Takashi Kurihara’s ultimate dream of playing in the National Football League isn’t over yet.

In fact, he feels stronger than ever.

The Japanese wide receiver tested himself at the inaugural NFL Veteran Combine on March 22 in Arizona. He was one of over 100 free agents invited by the league to participate in the event.

“We were told in a meeting on the day before (the combine) that 3,000 to 4,000 applied for this, so we should go all out,” Kurihara told The Japan Times a few days after he returned to Tokyo.

Kurihara, 27, got sick and had a high fever a couple of days before the combine, but fortunately recovered from it just in time. He said he gave a nearly perfect performance in front of the assembled coaches, scouts and executives from the various NFL clubs.

Kurihara was clocked at 4.54 seconds in the 40-yard dash, which he said was the second-fastest time at the combine. The method of timing the dash at the combine was different from that of the college combine, under which he would have had an even quicker time. The combine reportedly used an electronic timing system rather than stop watches.

Yahoo Sports’ senior NFL and investigative reporter Charles Robinson suggested on his Twitter account that the times at the Veterans Combine would have been .1 to .2 seconds faster with the college way.

Excluding times that were measured with stop watches, Kurihara, who led the IBM Big Blue of Japan’s X League to a runnerup place last season, said it was the fastest 40 time of his career.

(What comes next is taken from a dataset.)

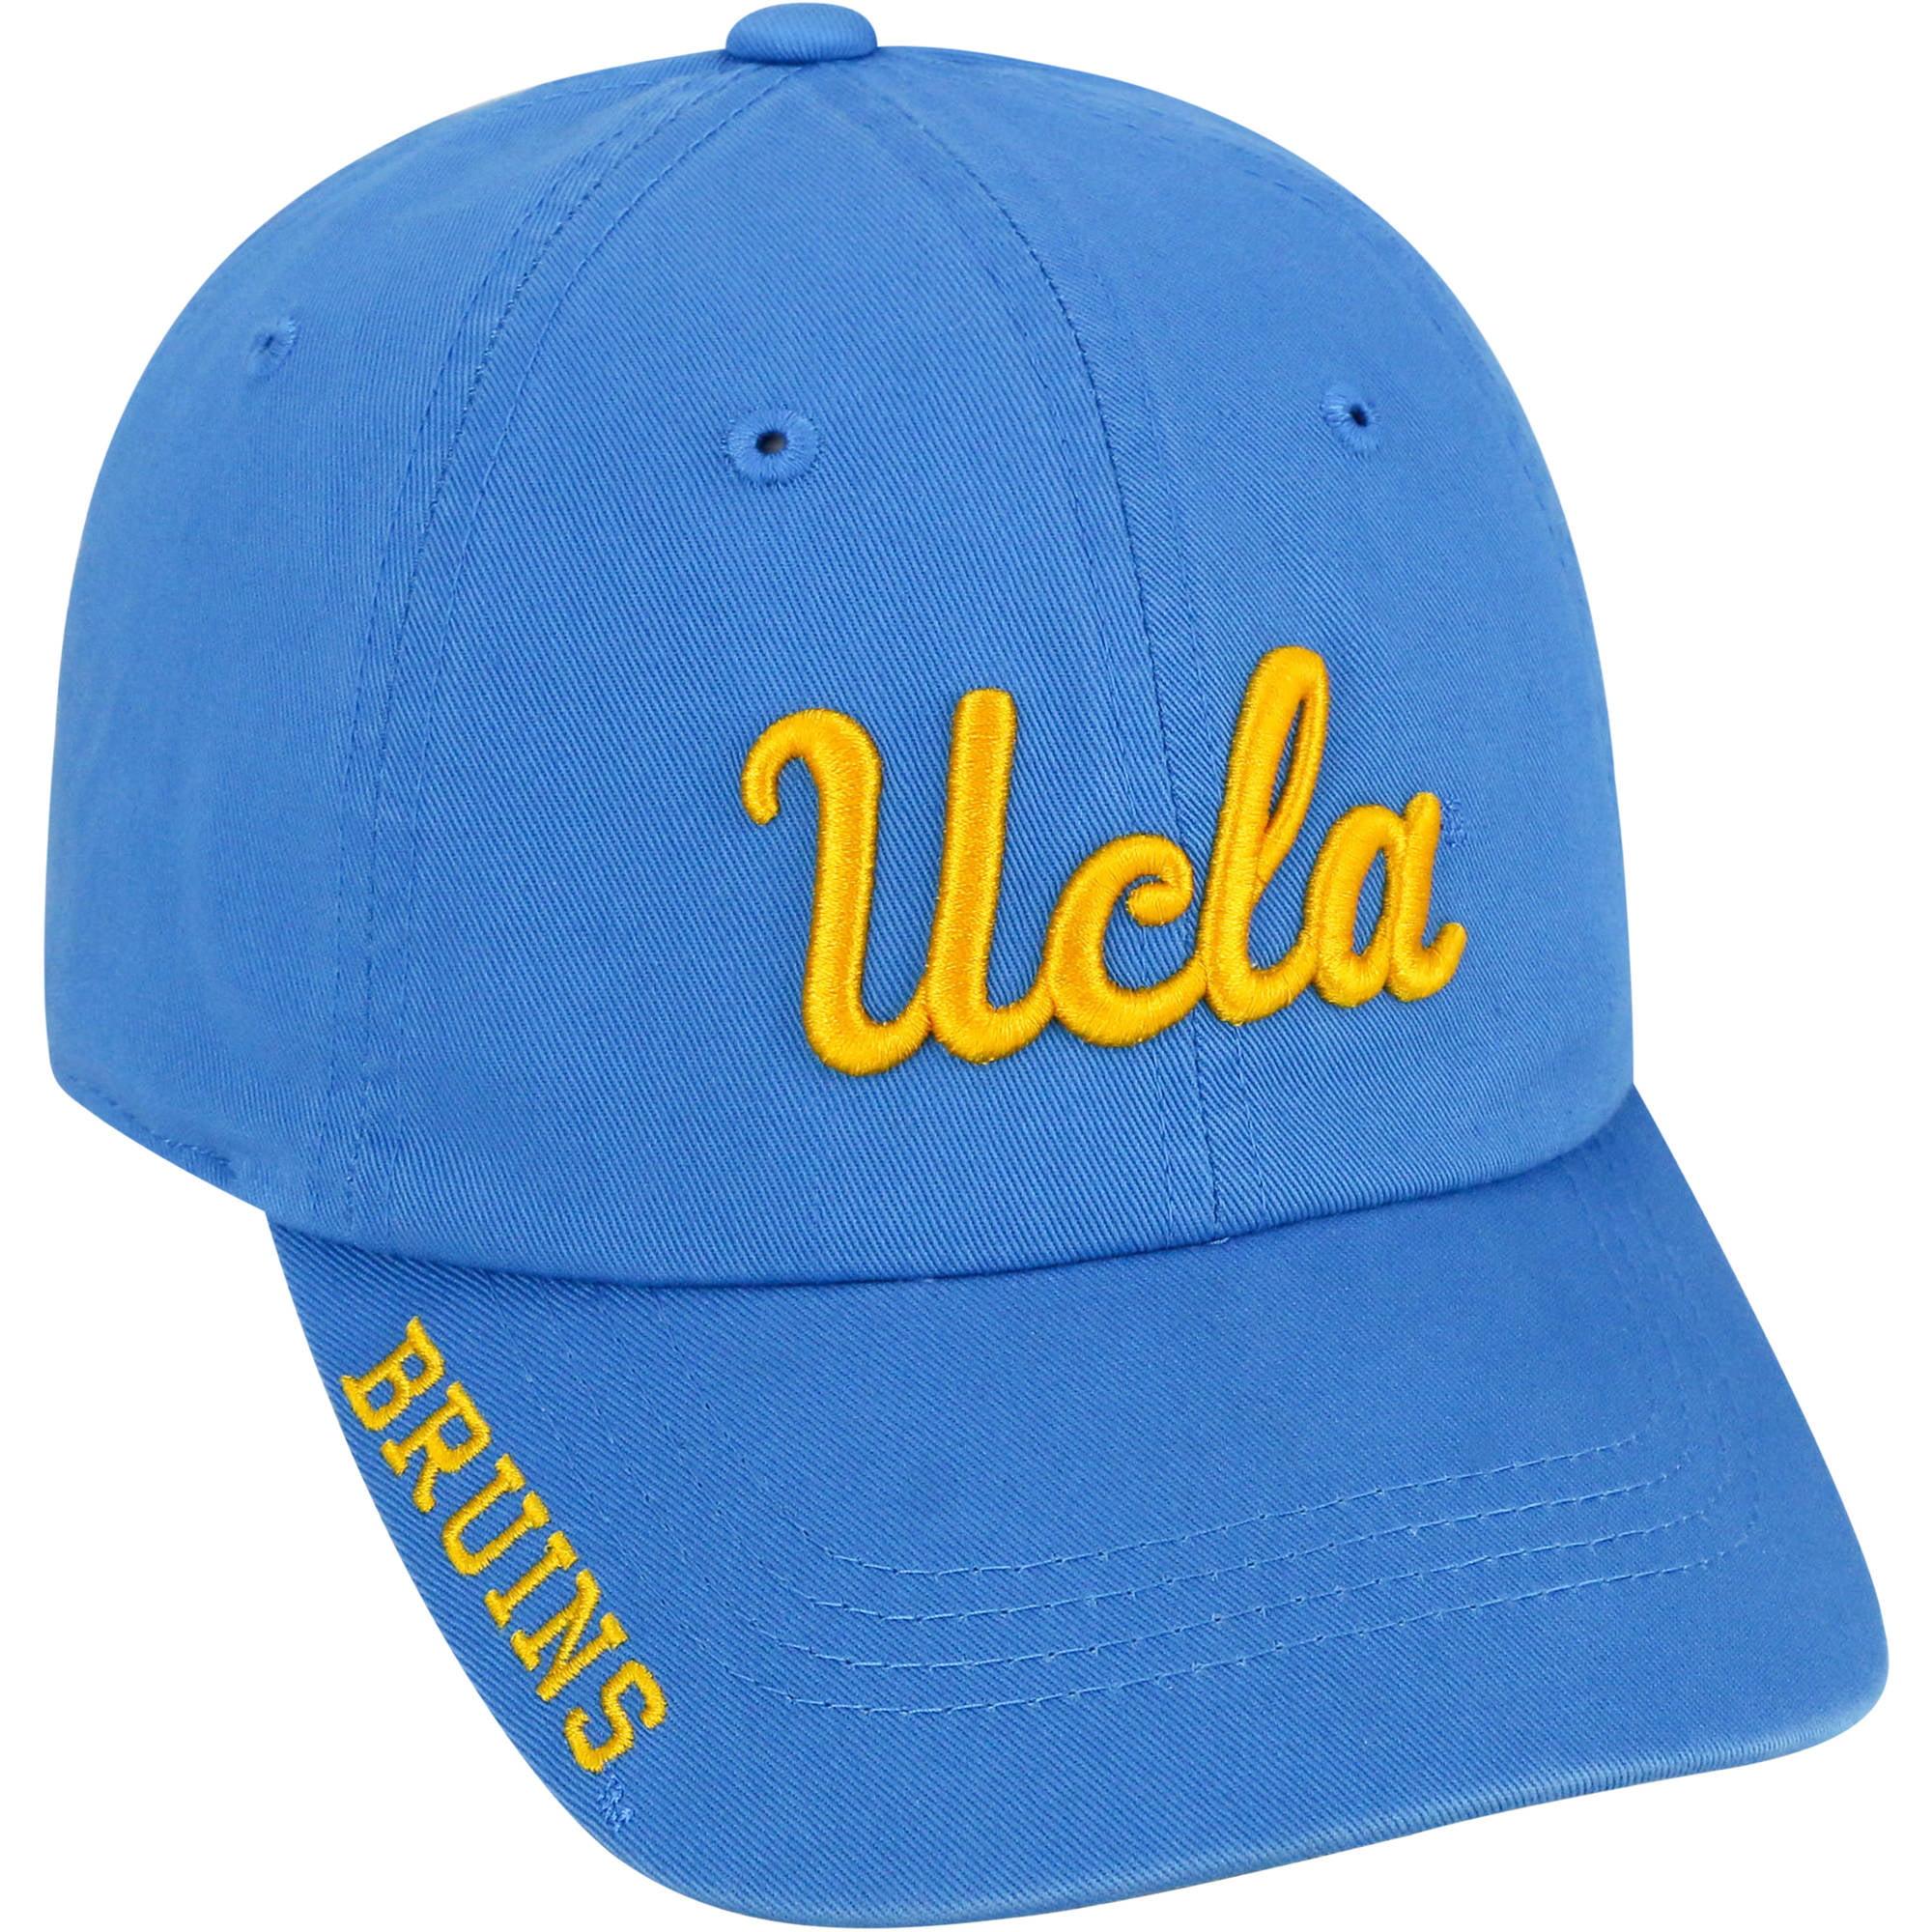 University Of Ucla Bruins Home Baseball Cap by

Kurihara, a Hosei University Tomahawks product, apparently turned a few heads with his skills. He said that he caught every pass but one in one practice session. He was later asked by a Chicago Bears official (he wasn’t sure if the person was a scout or coach) to take a few extra minutes, along with a pair of others, to show what he could do so that the official could get a closer look.

“Three of us were asked by him to run from the slot, because we were only required to run outside routes (in the combine),” Kurihara said. “We ran in-and-out routes and out-and-in routes like Wes Welker (of the Denver Broncos) always does. We did that about six, seven times.”

The NFL invited some notable names for the combine, and Kurihara’s sharp plays also impressed some of them. He said that he talked to Brady Quinn, a former quarterback for several NFL teams, including the Cleveland Browns, after the combine.

“We were done with everything and got on the bus back (to the hotel), and he came to me,” Kurihara said. “He was like, ‘You were great. Where are you playing?’ I think I was standing out that much. Otherwise he wouldn’t talk to me.”

Kurihara flew to Los Angeles a week before the combine, but he confessed that he was a little nervous as he hadn’t caught passes from Americans for a while. So he visited San Diego to practice with former UCLA quarterback Kevin Craft, his teammate at IBM.

Kurihara said that Craft would throw passes at him at full strength, which he usually doesn’t in games, and was a lion-hearted coach during their practices as he helped Kurihara prepare for the combine.

“I kept dropping his passes. It wasn’t enough to catch his passes by just making a pocket with my hands. I had to really seize the ball. That’s not the case with Japanese quarterbacks, though,” Kurihara said. “But it really helped. I was able to follow (the passes at the combine) with my eyes.”

Kurihara was accepted for the combine mainly because he had participated in mini camps for the Baltimore Ravens the last two springs. But he was perhaps a different receiver than he was in the past, this time more of a complete, better athlete.

Kurihara has also been testing himself outside of football recently.

Since late last year, he’s been training with some elite Japanese track athletes, such as Ryota Yamagata (100 meters), Shota Iizuka (200 meters) and Yuzo Kanemaru (400 meters), in an attempt to increase his speed.

Through a contact of former star rugby player Daisuke Ohata, Kurihara has also participated in training camps with Japan’s national Rugby Sevens team.

Kurihara, who began playing football in high school, thought that he would raise his level as an athlete by working on different sports in the hope of getting a better chance to open the door to the NFL, which hasn’t been done by any Japanese player.

He feels his performance at the combine was better than he had done in the past, and not just because of his 40 time.

Kurihara said, for example, that he was able to run accurate post corner routes while many others couldn’t.

“You have to run at full speed and change direction toward a corner with one step, which they struggled to do, and then they couldn’t catch passes with the right timing from the quarterbacks,” he said. “I was aware of running the routes accordingly with the cones that were put on the field with the shortest distances. I think I was the best in terms of running precise routes.

“I don’t know if my rugby training helped or if my track training helped clearly, but I believe that (trying different sports) gave me nothing but help.”

At the Ravens mini camps he went to, Kurihara was a total stranger who nothing was expected of, and if he were to get any attention, he would have to prove he could contribute as a special teams player as well. But after a successful performance at the Veteran Combine, he thinks he now could be considered as a wide receiver a bit more too.

“That I’d have to contribute on special teams — that hasn’t changed,” Kurihara said. “But at this combine, I was able to show my speed and put up a performance, like my accurate route running, quickness, having good hands, and whether you can catch the ball with your hands, at a higher level.”